**THE TASK**
For the listing that follows, give again exactly the lines from the one with "Archisearch Architect Elly" to the one with "由著名设计师松本哲也设计的杰作水族馆餐厅", including both.

**DATA SUPPLIED**
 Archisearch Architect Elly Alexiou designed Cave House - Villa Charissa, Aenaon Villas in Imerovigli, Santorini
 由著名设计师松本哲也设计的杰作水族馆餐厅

--

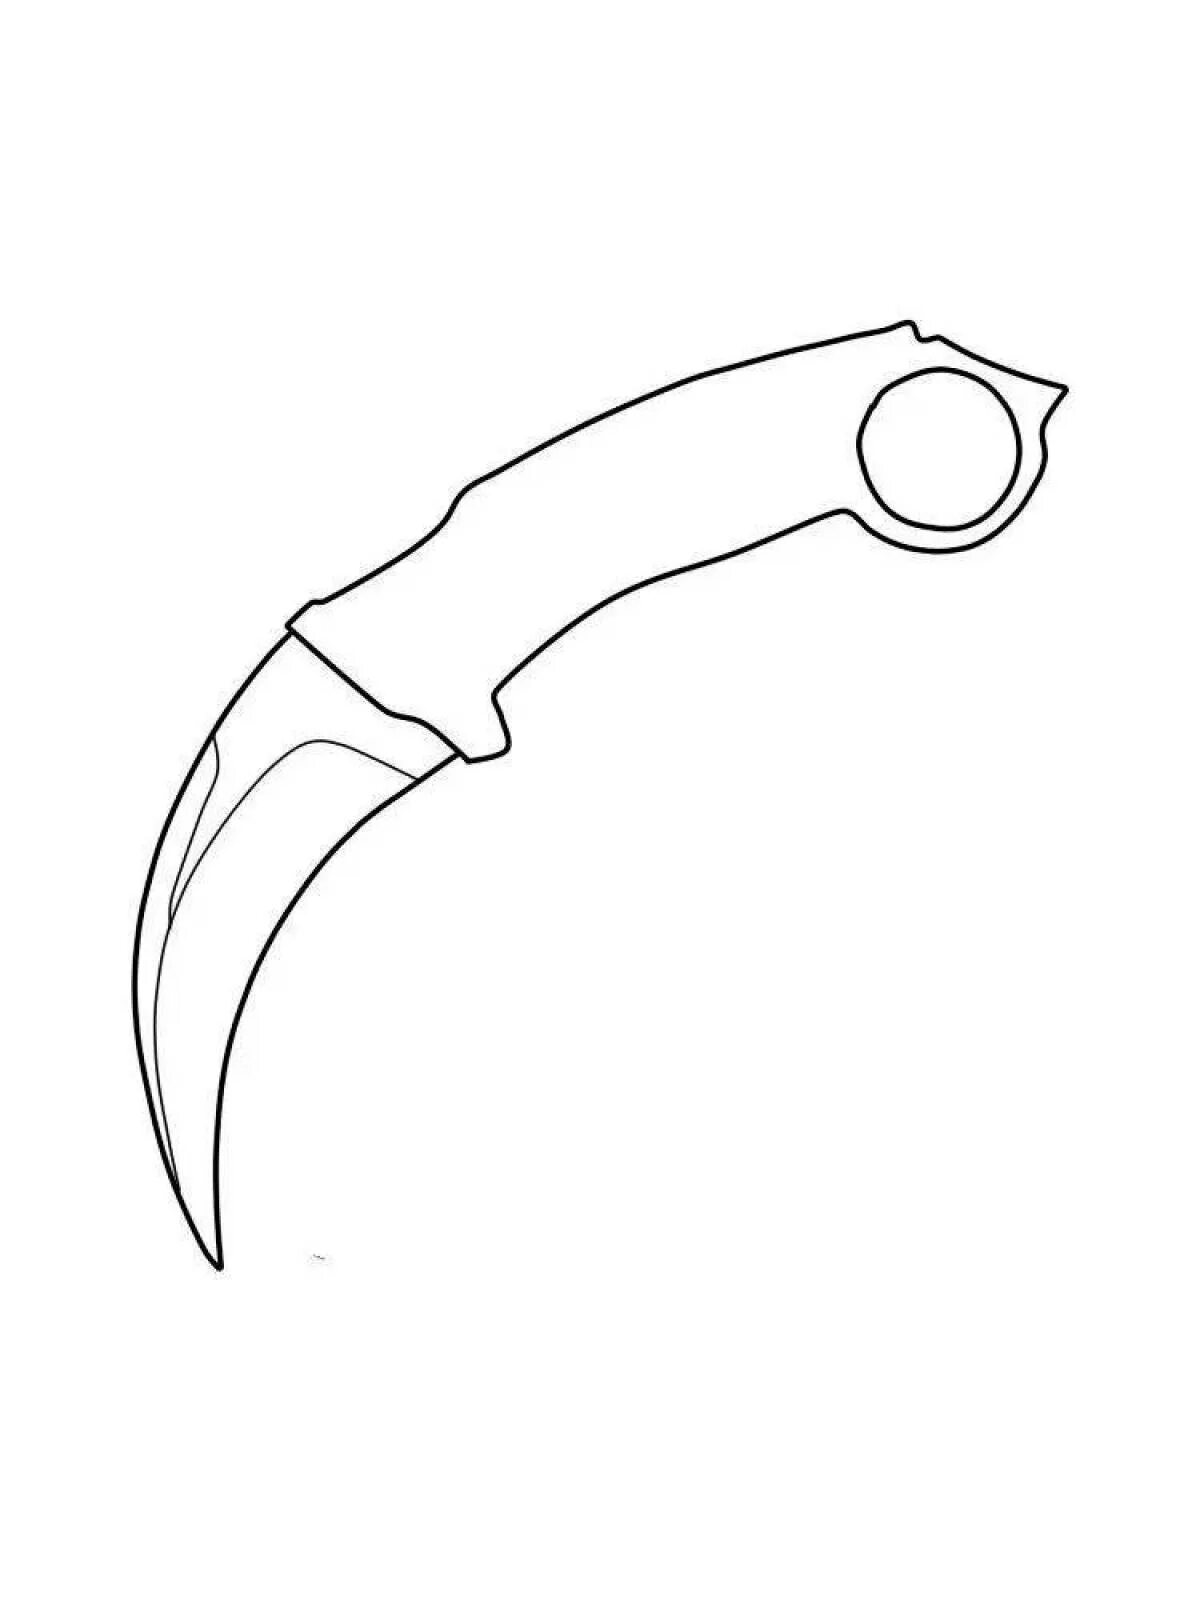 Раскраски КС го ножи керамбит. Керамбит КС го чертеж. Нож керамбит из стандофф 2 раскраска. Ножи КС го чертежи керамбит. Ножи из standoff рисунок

--

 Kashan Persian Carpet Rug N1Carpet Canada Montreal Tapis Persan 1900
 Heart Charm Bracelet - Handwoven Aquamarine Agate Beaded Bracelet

**RESULT BELOW**
 Archisearch Architect Elly Alexiou designed Cave House - Villa Charissa, Aenaon Villas in Imerovigli, Santorini
 由著名设计师松本哲也设计的杰作水族馆餐厅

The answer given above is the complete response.